= Lais of Hyccara =

Ancient greek heteira

Lais of Hyccara (Λαΐς and Λαΐδα) (died 340 BC) was a hetaira (courtesan) of Ancient Greece. She was probably born in Hyccara, Sicily (modern Carini) and died in Thessaly. She was a contemporary of another courtesan with the same name, Lais of Corinth. Since ancient authors in their (usually indirect) accounts often confused them or did not indicate which they refer to, the two have become inextricably linked.
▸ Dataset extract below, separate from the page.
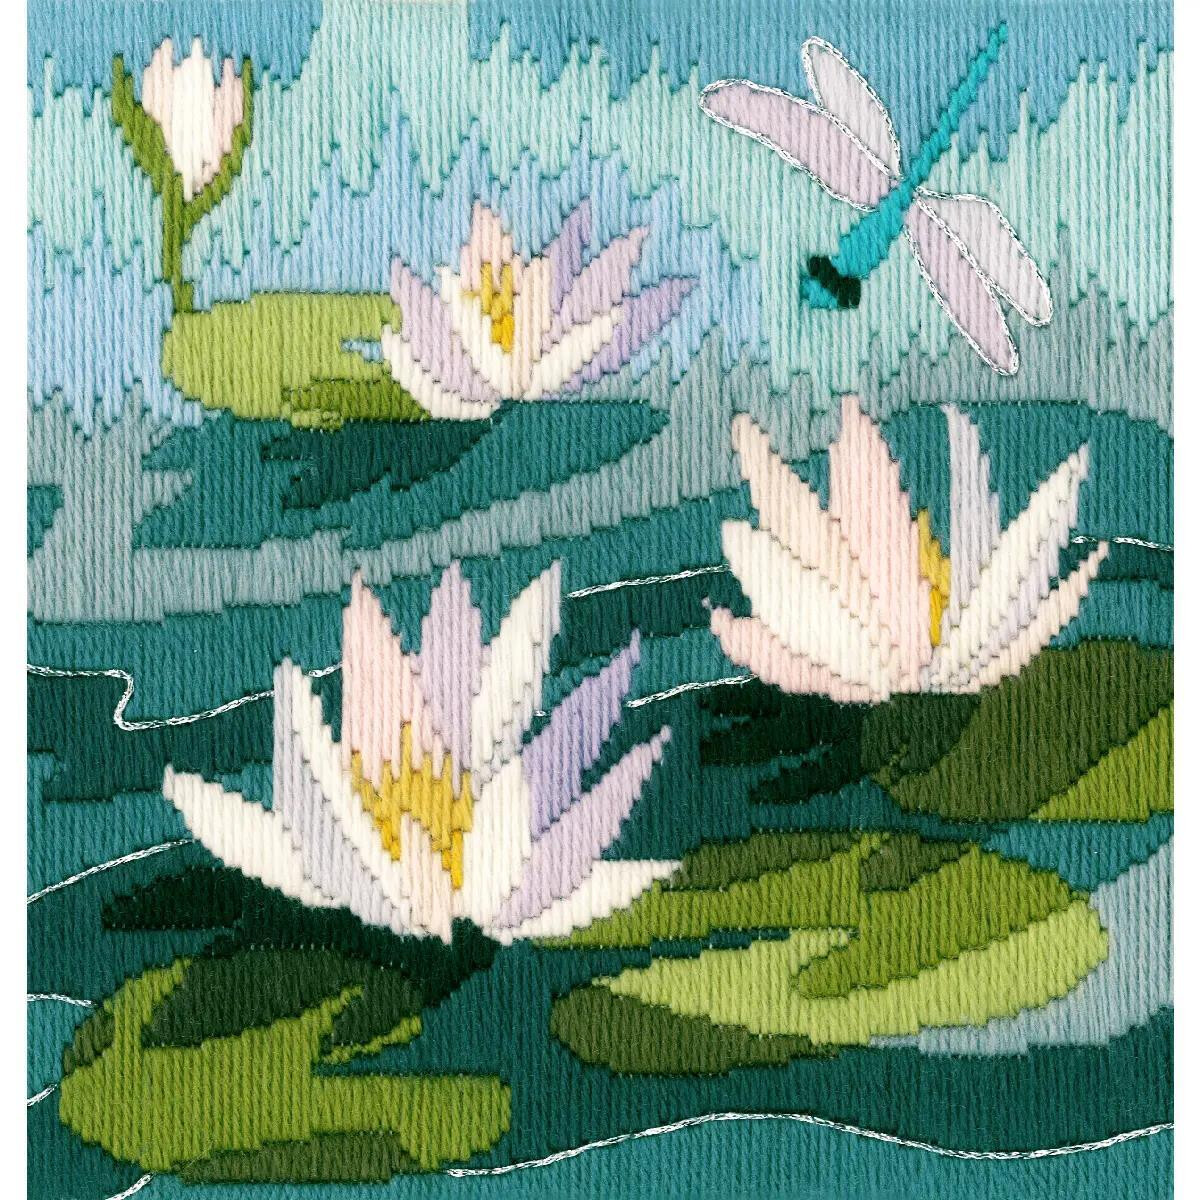 Hand-stitched embroidery (embroidery picture) with a calm...

There are a number of surviving anecdotes about Lais of Hyccara. For example, it was said that Demosthenes offered to pay 1,000 Greek drachmas for a night with her, but that she raised her price to 10,000 drachmas after seeing him, while she gave herself to Diogenes for nothing. Claudius Aelian relates that she bore the nickname Axine ("axehead"), for the sharpness of her cruelty.

She was the daughter of Timandra (or Damasandra, according to Athenaeus). She was a contemporary and rival of Phryne. She fell in love with a Thessalian named Hippostratus or Hippolochus, who brought her to Thessaly. It is said that Thessalian women out of jealousy lured her into the temple of Aphrodite and stoned her to death. She was buried on the banks of Peneus.